Interpretive Summary: Transgenic cotton plants expressing the gene AtNPR1 seem to slow down the spread of Fusarium wilt, specifically the isolate Fov11, as compared to wild-type plants. Analysis of roots and stems from seedlings with AtNPR1 show that these transgenic lines are capable of launching a stronger defense when infected with Fov11. However, little or no protection was observed against a similar strain of Fusarium wilt (Fov43) or a highly-virulent one like CA-9.

Technical Abstract: In our earlier investigation, we had demonstrated that transgenic cotton plants expressing AtNPR1 showed significant tolerance to Fusarium oxysporum f. sp. vasinfectum, isolate 11 (Fov11) and several other pathogens. The current study was designed to further characterize the nature of the protection provided by AtNPR1 expression and its limitations. Green Fluorescent Protein-expressing Fov11 was generated and used to study the progression of the disease within the plant.

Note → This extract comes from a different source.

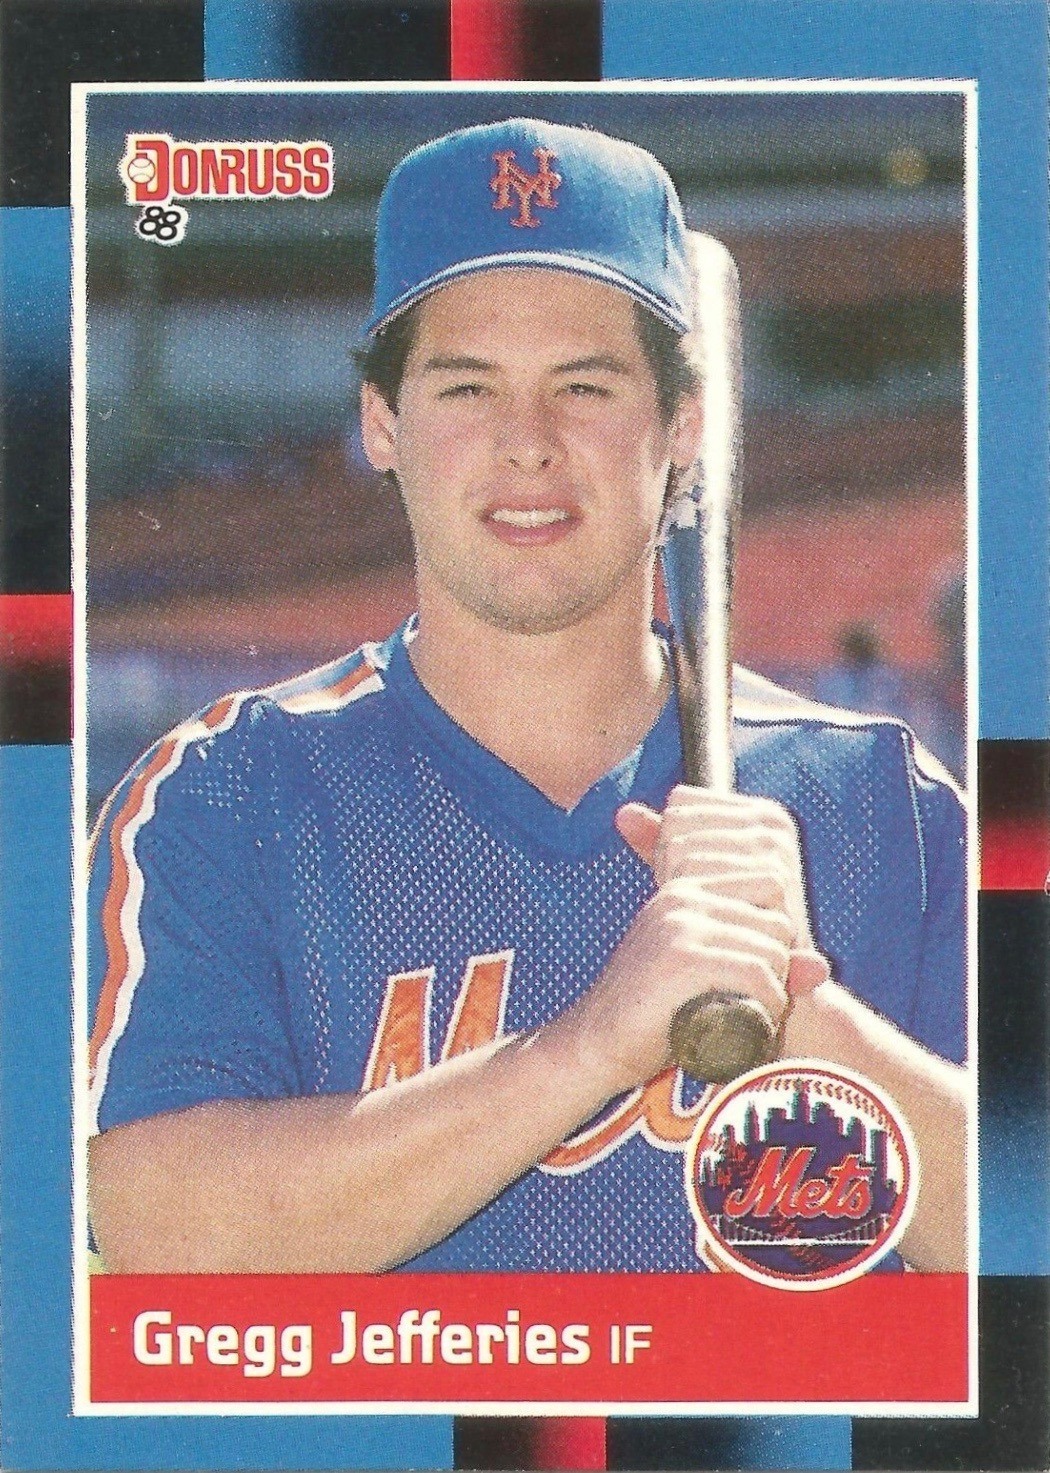 10 Most Valuable 1988 Donruss Baseball Cards | Old Sports Cards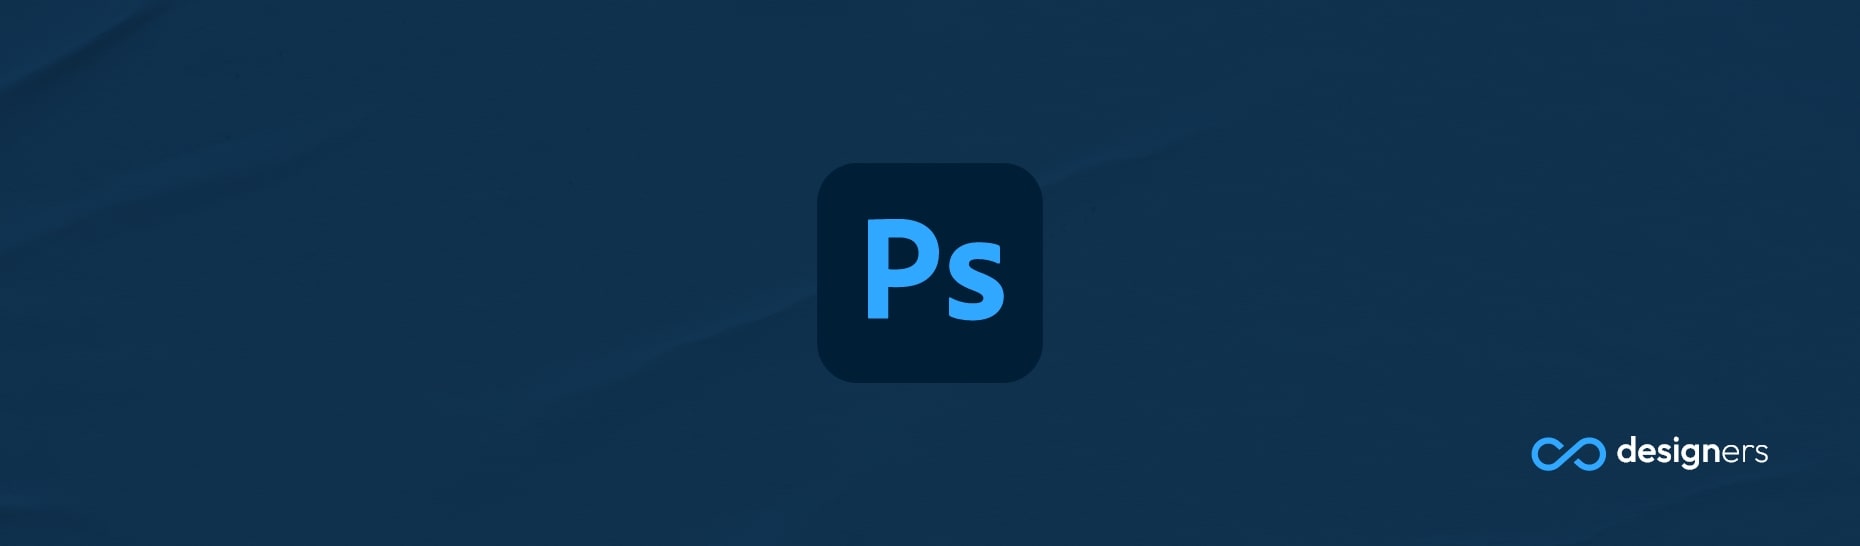 What Are the Minimum System Requirements to Run Photoshop?

The results show that the spread of the pathogen was slower in the AtNPR1-transformants compared to the wild type plants. Transcript analysis in the seedling root and hypocotyl showed that the transgenic lines are capable of launching a stronger defense response when infected with Fov11. We further confirmed that AtNPR1 transformants showed greater degree of tolerance to Fov11. However, little or no protection was observed against a related, but more virulent isolate, Fov43, and a highly virulent isolate, CA9.